Maternal Perspectives on Rearing Healthy Children in Elite Georgian Society

Student thesis: Doctoral ThesisDoctor of Philosophy

Abstract

This thesis is a reappraisal of domestic child-rearing practices amongst the English Georgian elite. It argues that contrary to the established notion that the eighteenth century saw medical and pedagogical experts persuading receptive upper-class parents to overturn the archaic and interventionist child-rearing practices of their predecessors, elite Georgian mothers – acting autonomously, knowledgeably, and authoritatively, and in line with mainstream medical opinion – were already well informed about best practice. An examination of how mothers, aunts, and grandmothers from this social set understood and dealt with some of the most common childhood afflictions (smallpox, teething, worms, rickets, scrofula, and consumption) reveals a remarkably active community of women making informed decisions about how best to protect and future-proof their children’s bodies at a time when those bodies – which were still conceptualised within the terms of humoral physiology – stood little chance of escaping disease and deformity without a mother’s unremitting attention and constant management.

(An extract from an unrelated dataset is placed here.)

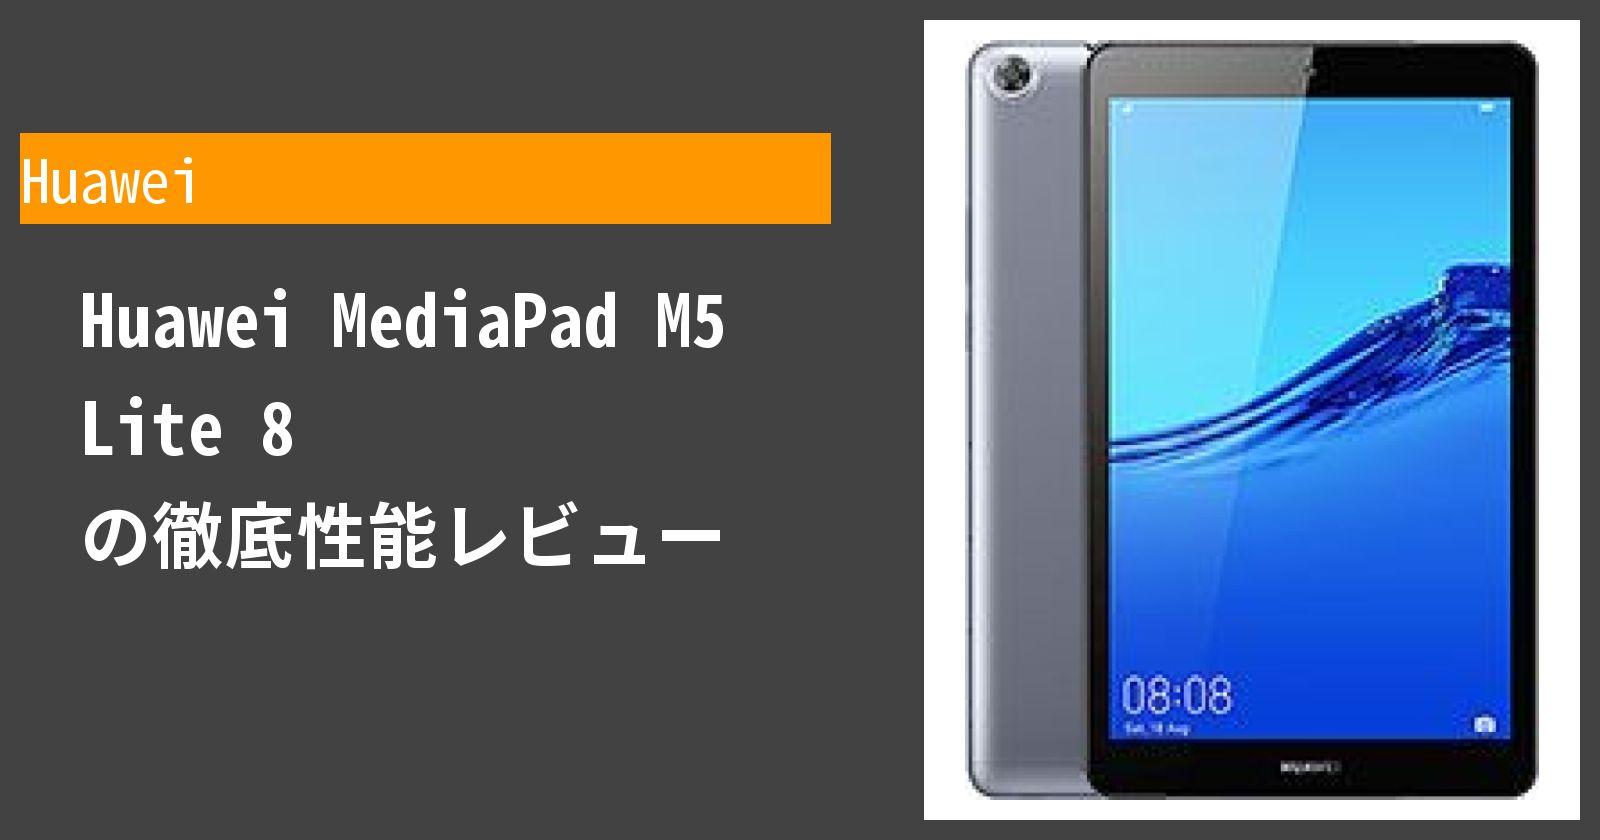 Huawei MediaPad M5 Lite 8 の徹底性能レビュー

These women were emblematic of a vibrant culture of motherhood, whose shared knowledge, experience, and authority effectively set the child-rearing standards for the day. By reconstructing events from the perspective of those ultimately responsible for children’s physical welfare in this period, rather than from the perspective of an emerging discourse that sought to disenfranchise traditional female advice, this is a history from – not below, but – the place where women held greatest social authority. Far from having the domain of childcare removed from their sphere of influence, elite Georgian women possessed remarkable agency and moral authority over the health, wellbeing, and survival of their children. Offering an important new perspective on domestic childcare in a period where ‘men of science and sense’ supposedly re-wrote the rules of child-rearing, this thesis contributes to a number of historical fields including histories of: family, childhood, parent-child relations, patient-practitioner relations, domestic medicine, women, gender, the body, pain, and the emotions.

Date of Award1 Jul 2022
Original languageEnglish
Awarding Institution
  • King's College London
SupervisorAnna Maerker (Supervisor) & Rowan Boyson (Supervisor)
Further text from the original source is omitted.